2. Buganda became rich by plundering neighboring territories, exploiting Ugandans where Baganda served as administrators under colonial rule and exploiting workers in Buganda cotton and coffee farms and on ranches. The exploitation of non-Baganda laborers in Buganda was revealed by Christine Obbo who wrote that Rwandese who came to Buganda were reported wearing tattered and patched clothes by Richards in 1954. By 1972 they were still wearing tattered and patched clothes and were treated like ‘rotten tennis shoes’(lussejjera envundu) (W A. Shack and Elliott P. Skinner, 1974);

3. Mutagubya has been conducting a program on radio munansi on Buganda past glory that needs to be restored to keep Buganda great. He has accused me of distorting Buganda history. By this note I am informing Sempala and others like him how Buganda became rich and asking Mutagubya to write his story so the people of Uganda decide.

Eric Kashambuzi

Why and how Buganda expanded from three to twenty counties

Gordon Kamugunda Kahangi a former teacher and administrator of Uganda schools and universities tells us that Buganda started with three counties of Mawokota, Busiro and Kyadondo. Later it incorporated parts Butambala, Busujju, Bulemezi and Ssingo. In the 19th century Buganda added Kooki, Mawogola, Buwekula and Buruli.

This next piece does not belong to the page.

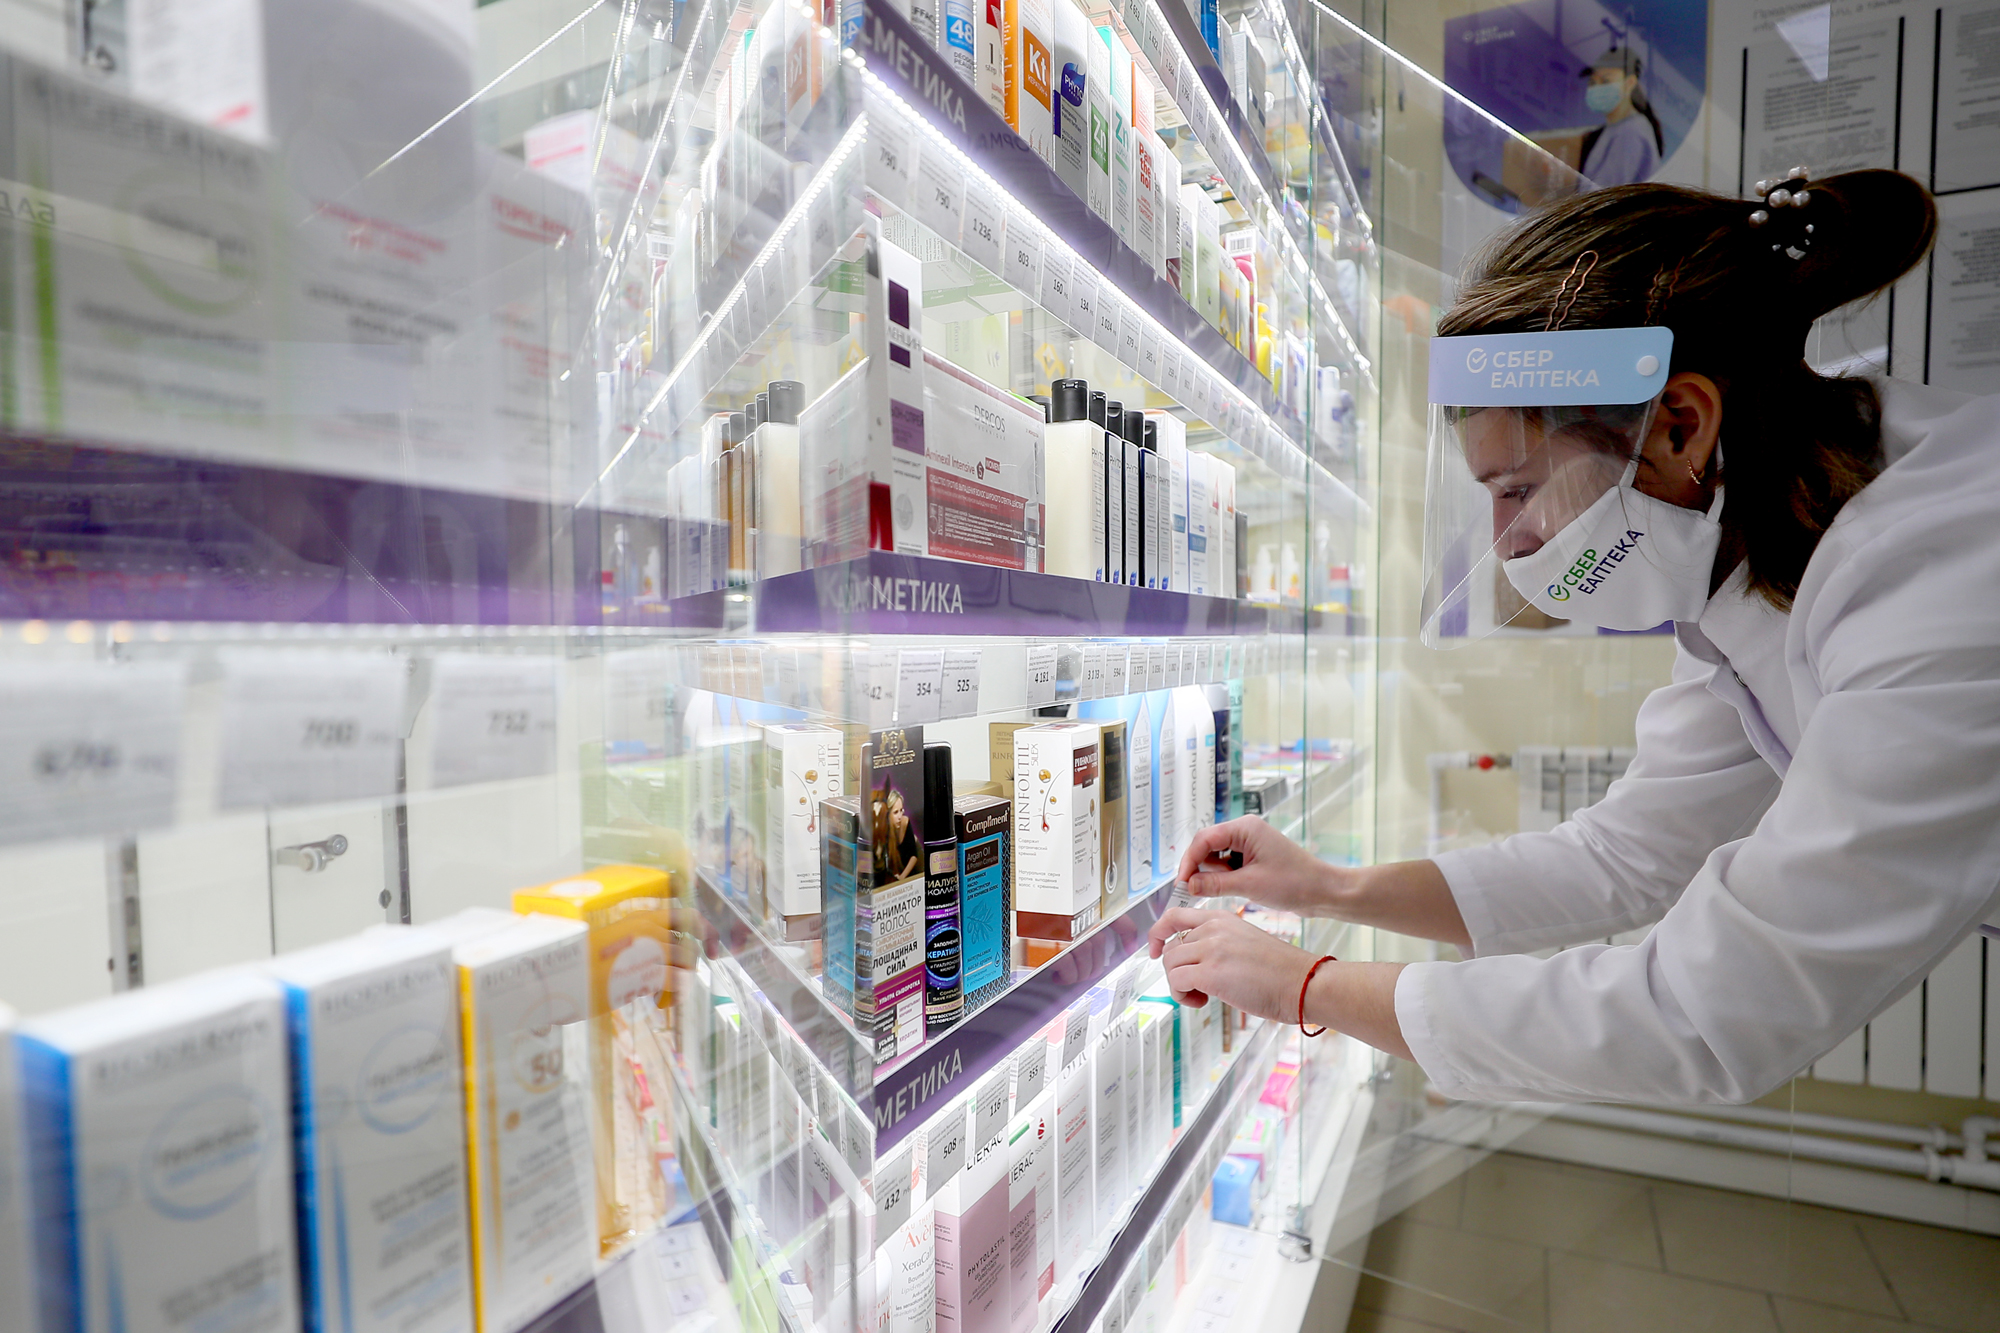 Сотрудница интернет-магазина "Сбер аптека" расставляет ценники на препараты во время открытия аптеки. Фото © Владимир Смирнов / ТАСС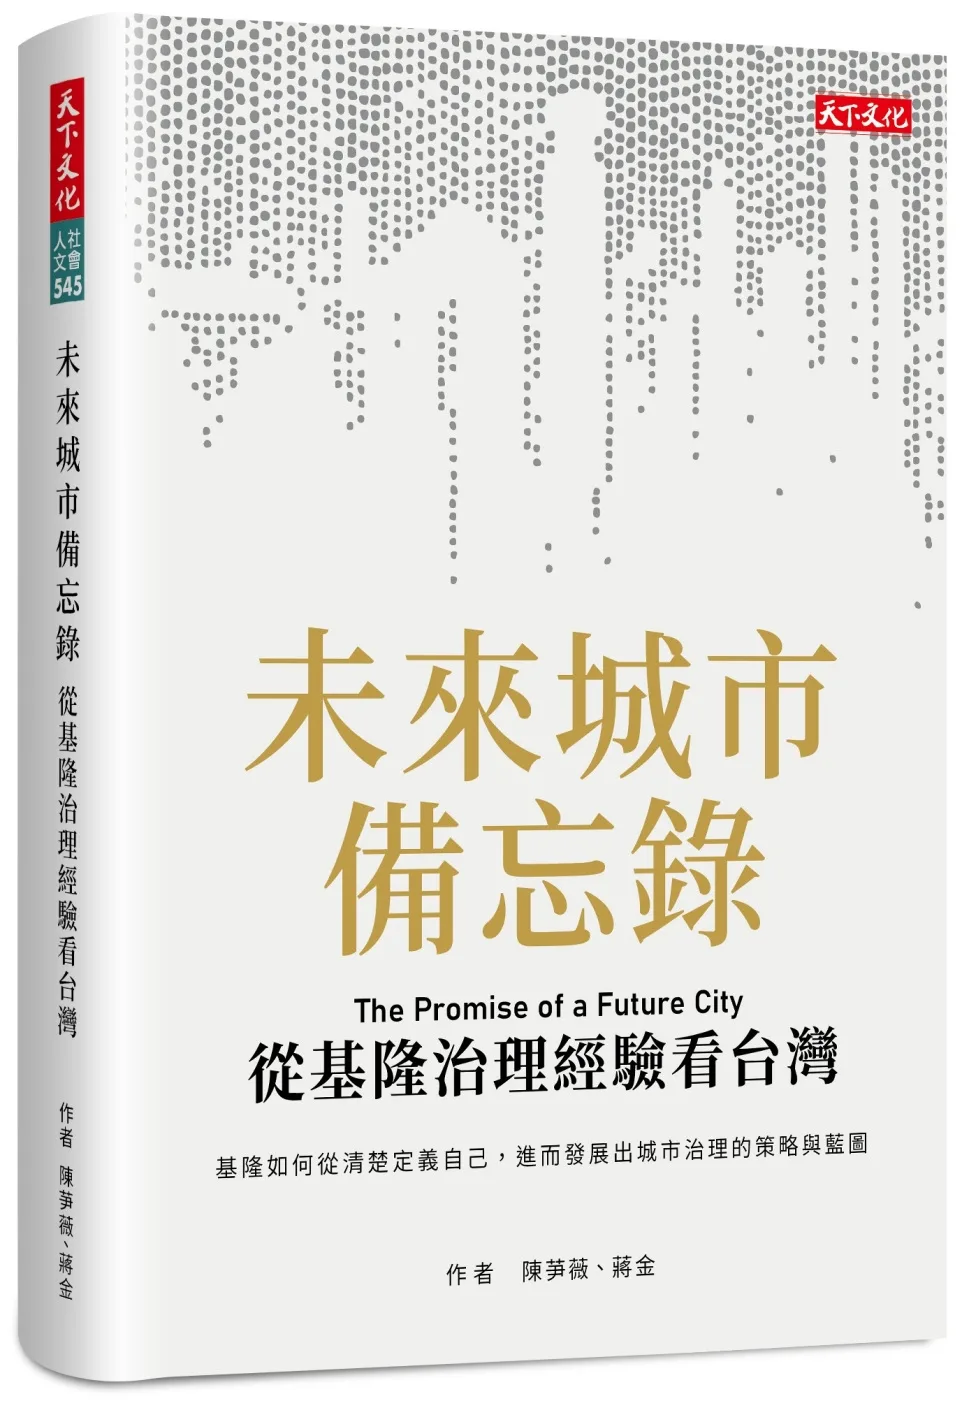 未來城市備忘錄：從基隆治理經驗看台灣

Kahangi stresses that the expansion of Buganda was achieved at the expense of Bunyoro, not so much because Buganda was gaining in military strength but because Bunyoro was declining (when the British arrived Bunyoro was in the ascendancy and regaining the territories it had lost to Buganda but Britain stopped that expansion). “As Banyoro became weaker, Baganda became stronger and acquired more territory from Bunyoro” (Kahangi 2003).

Baganda are believed to have come from the Mt. Elgon area through Busoga in 1200 AD with Kintu (Kahangi 2003) but found some Bantu that had settled in the area around 1000 AD (Benson Okello 2002). Other Baganda came to the area with Kimera either from the north or from Bunyoro-Kitara (Benson Okello 2002).

Since the 1920s Buganda has been the magnet attracting people from the Horn of Africa and from the Great Lakes region in search of work and security. By 1959 Baganda constituted half of the total population in Buganda. With the influx since Museveni came to power it would not be surprising if we found that some 60 percent of the people living in Buganda are non-Baganda, a point to be taken into serious consideration when Baganda think of secession.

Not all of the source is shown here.